With full assurance from the landscape architect, they decided to go with our decision and, as it turned out by the time we’d gone through two weeks of moving boulders around with a 30-foot crane, they were completely happy with the result.


One of the most interesting and challenging aspects of working with large ponds and lakes is that each system is different. Every location’s source-water quality is different, each bio-load is unique, and we’ve learned that when you start up these systems, there’s a break-in period of unpredictable duration in which bio-filtration establishes itself and water quality settles into balance.

In this case, we fired up the system in January and had water quality right where we wanted it before the warm summer months arrived and any problems with water quality might be magnified. Overall, we’re extremely happy with the results, as are the clients and the rest of the project team.

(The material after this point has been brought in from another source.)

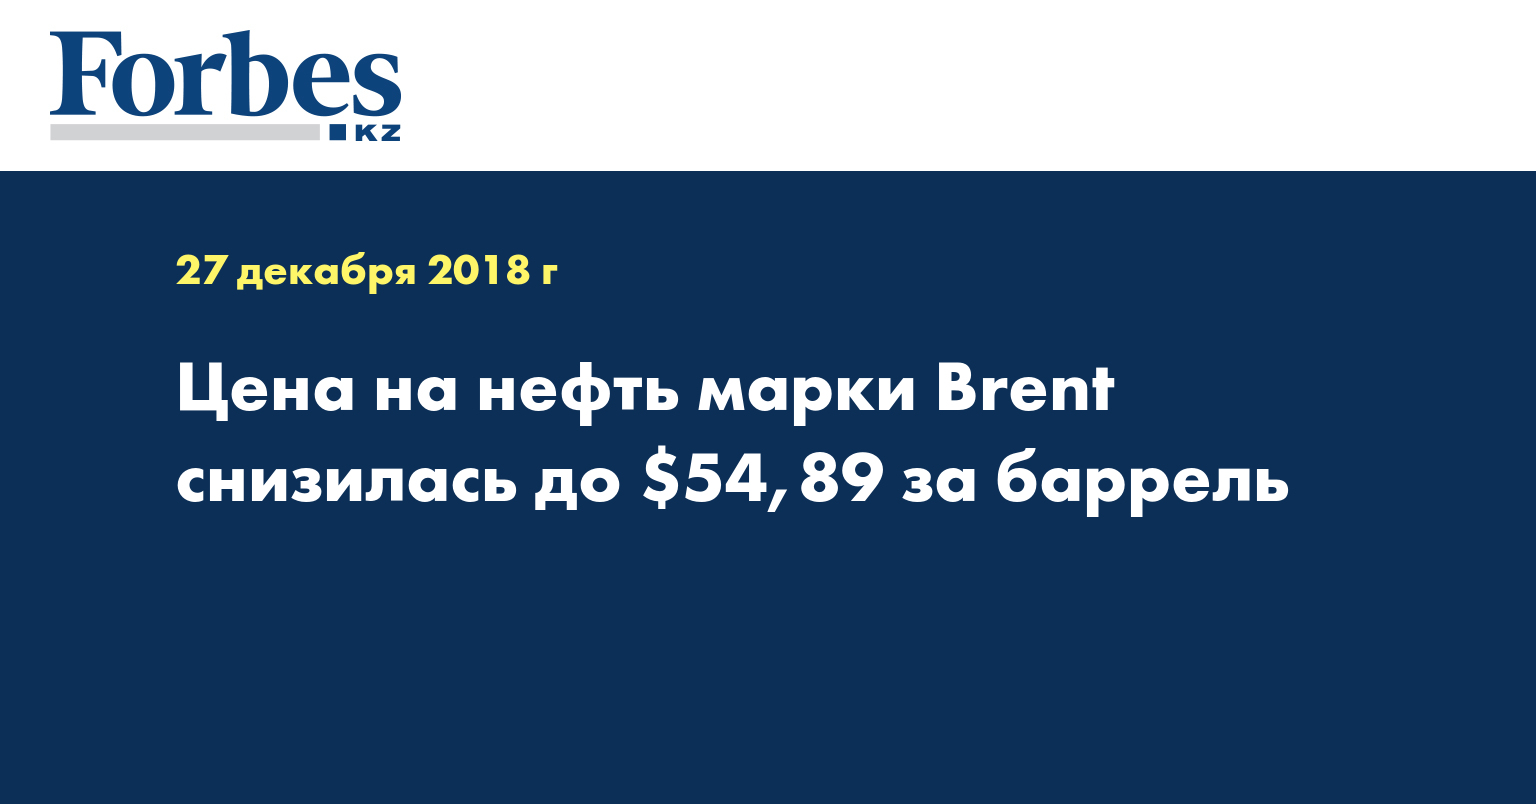 Цена на нефть марки Brent снизилась до $54,89 за баррель

The finished work now stands as testimonial to the aesthetic heights to be achieved in combining top-notch water quality with thoughtful design in a gorgeous setting. For us, this is the kind of project that makes the hard work of watershaping on such a large scale more than worth the effort.

George Forni is president of Aquatic Environments, an Alamo, Calif.-based design, installation and service firm specializing in lakes, ponds and other large waterfeatures. He started his career in the waste- and reclaimed water industry in the mid 1980s. Before long, he became project manager for an aquatic service firm, for which he managed a number of projects in conjunction with the U.S. Army Corps of Engineers as well as in other regulatory agency-controlled jobs. His company now focuses mostly on the needs of large commercial clients in the Western United States.